United States District Court, E.D. Pennsylvania

April 19, 2017

THE KNABB PARTNERSHIP, Petitioner,
v.
HOME INCOME EQUITY, LLC, Respondent.

          MEMORANDUM

          Gerald Austin McHugh United States District Judge

         This case arises out of a dispute between an architect, The Knabb Partnership (TKP), and a developer, Home Income Equity, LLC (HIE). According to TKP, HIE failed to compensate it for services rendered and made unauthorized use of its copyrighted architectural drawings. The matter was submitted to arbitration and an award was entered in TKP's favor.

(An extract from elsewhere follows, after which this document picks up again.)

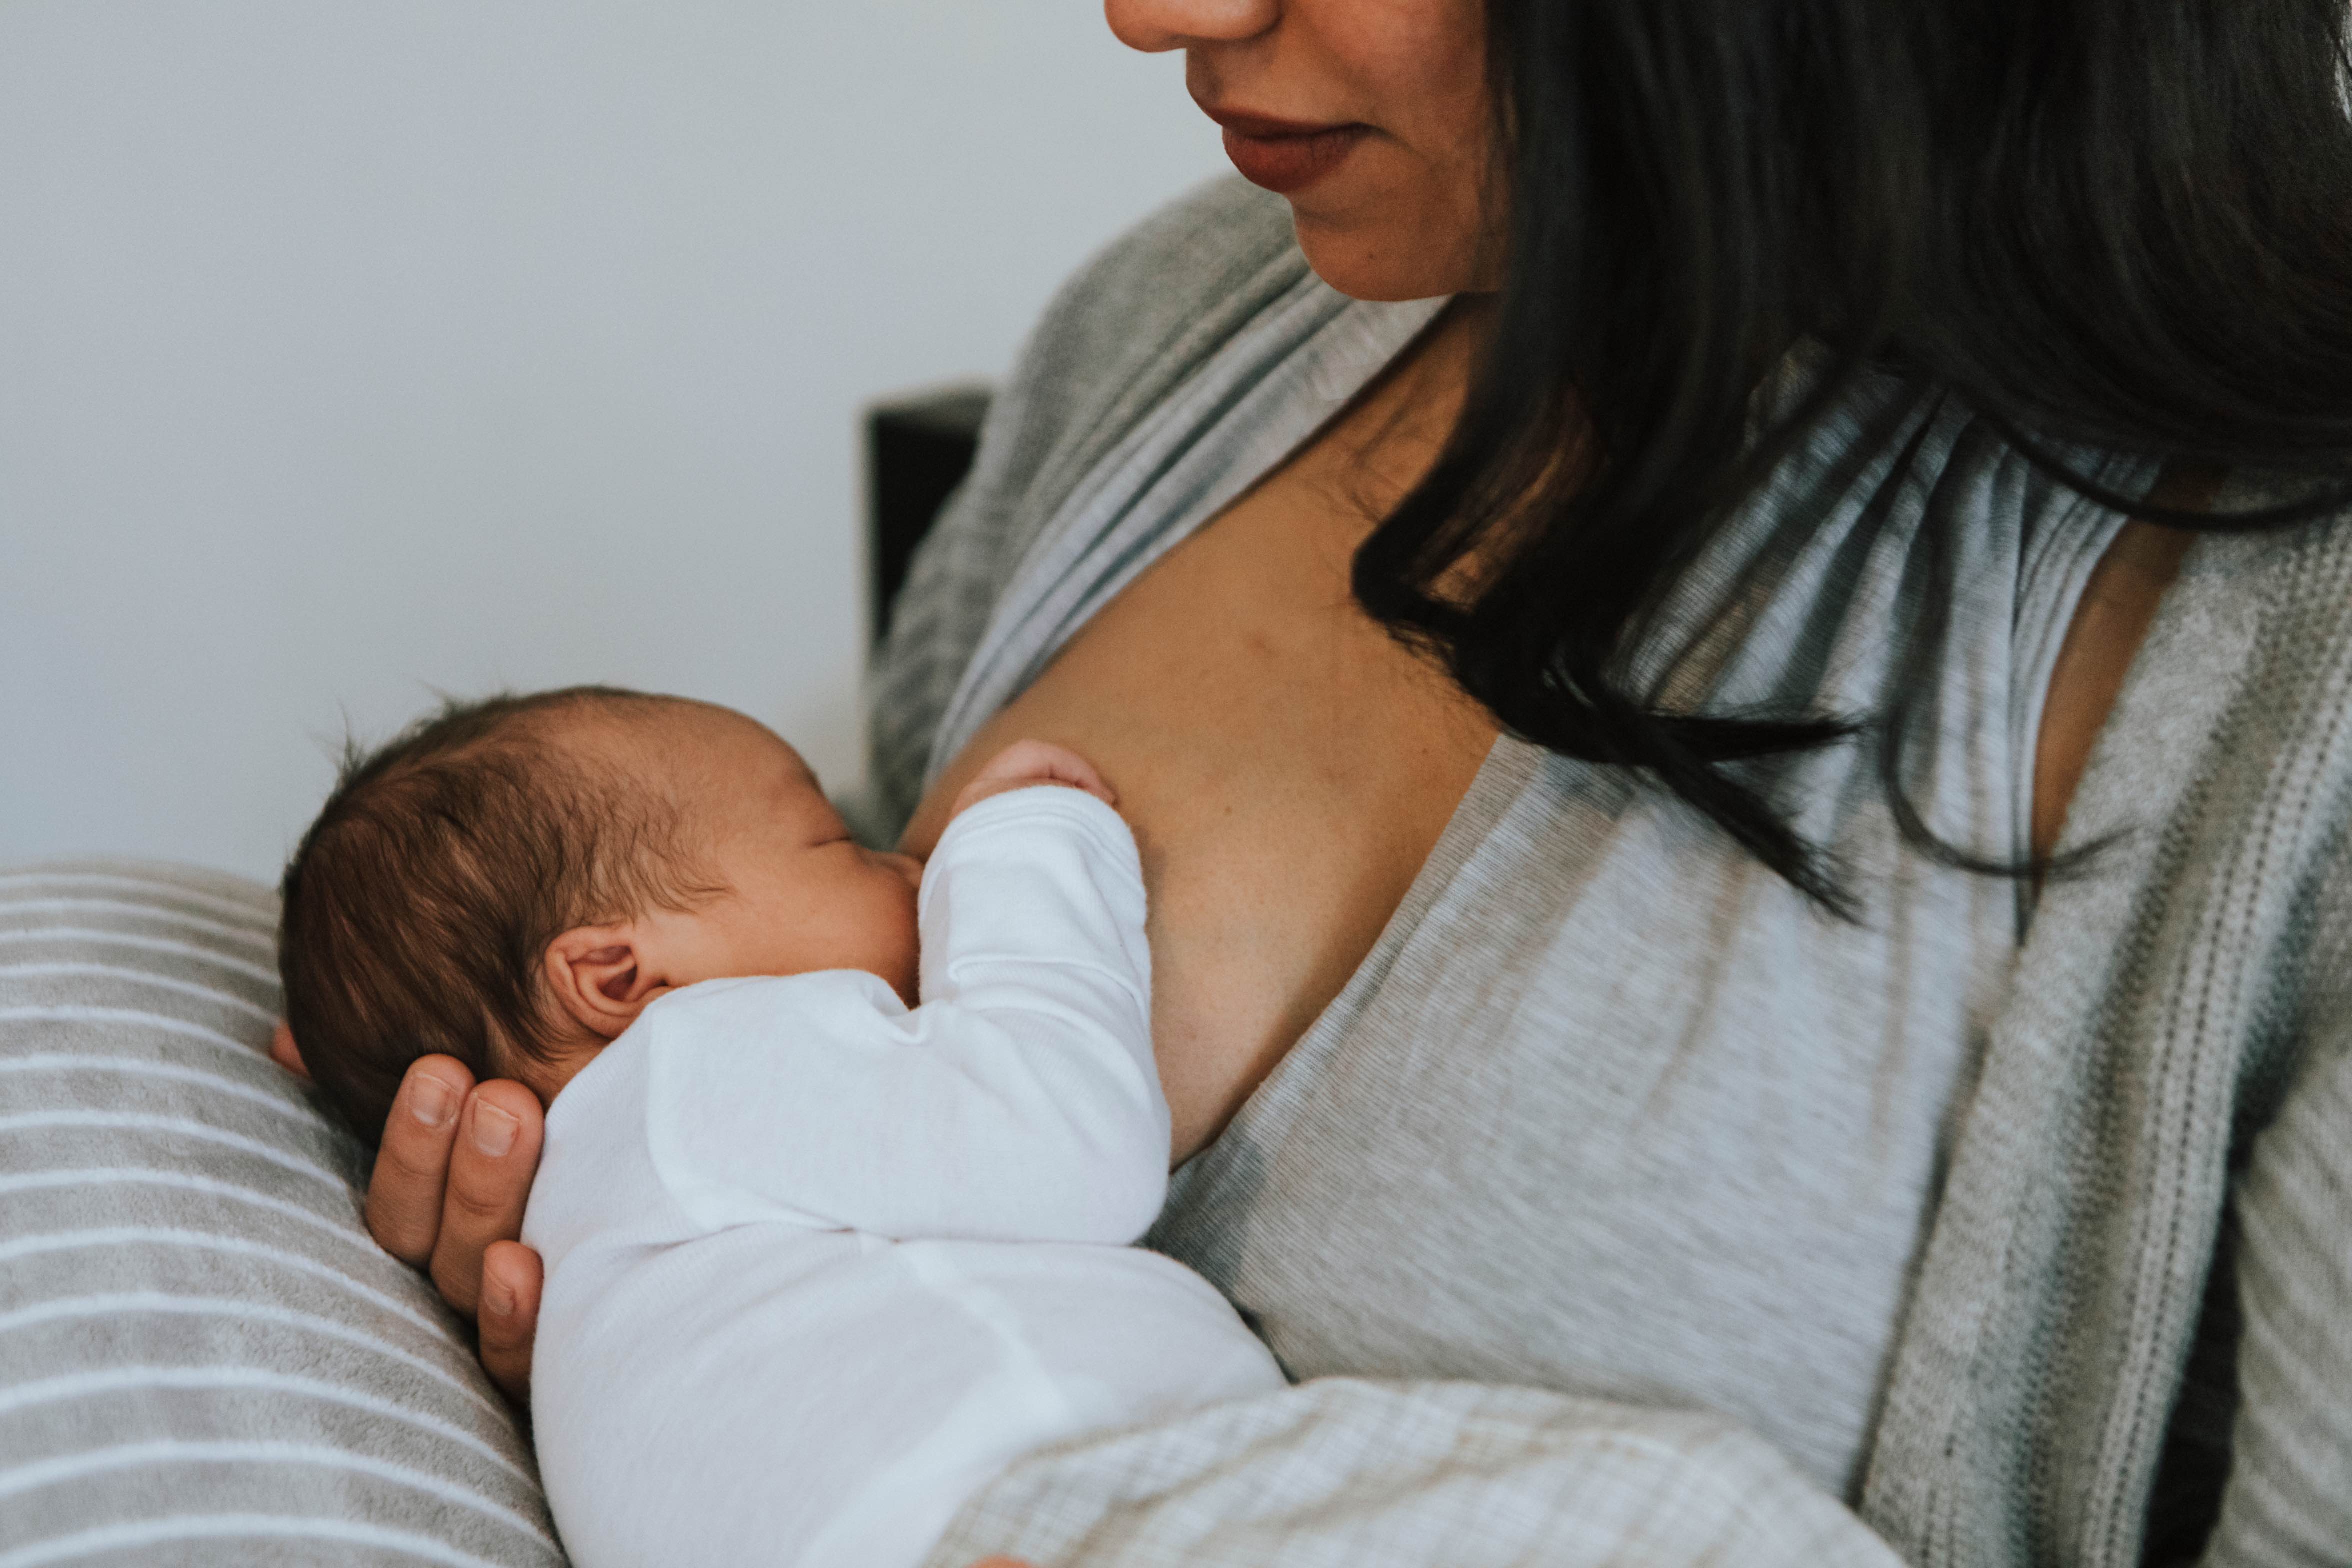 Top 10 Newborn Breastfeeding Essentials You'll Want as a New Mom

TKP now petitions to confirm that award, while HIE moves to vacate it on the grounds that the arbitrator demonstrated manifest disregard for the law. For the reasons set forth below, TKP's petition will be granted, and HIE's motion denied.

         I. UNDERLYING FACTS

         On September 26, 2008, HIE and TKP entered into an agreement whereby TKP agreed to design an 80-unit development that HIE planned to build in Brookhaven, Pennsylvania (the Brookhaven Project). TKP prepared architectural drawings in due course, which it copyrighted before submitting to HIE. HIE accepted these drawings without complaint but failed to pay TKP the agreed-upon fee. Moreover, HIE passed along TKP's drawings to a successor architect, Brett Hand, and directed Hand to sign and affix his seal to drawings after removing any attribution to TKP.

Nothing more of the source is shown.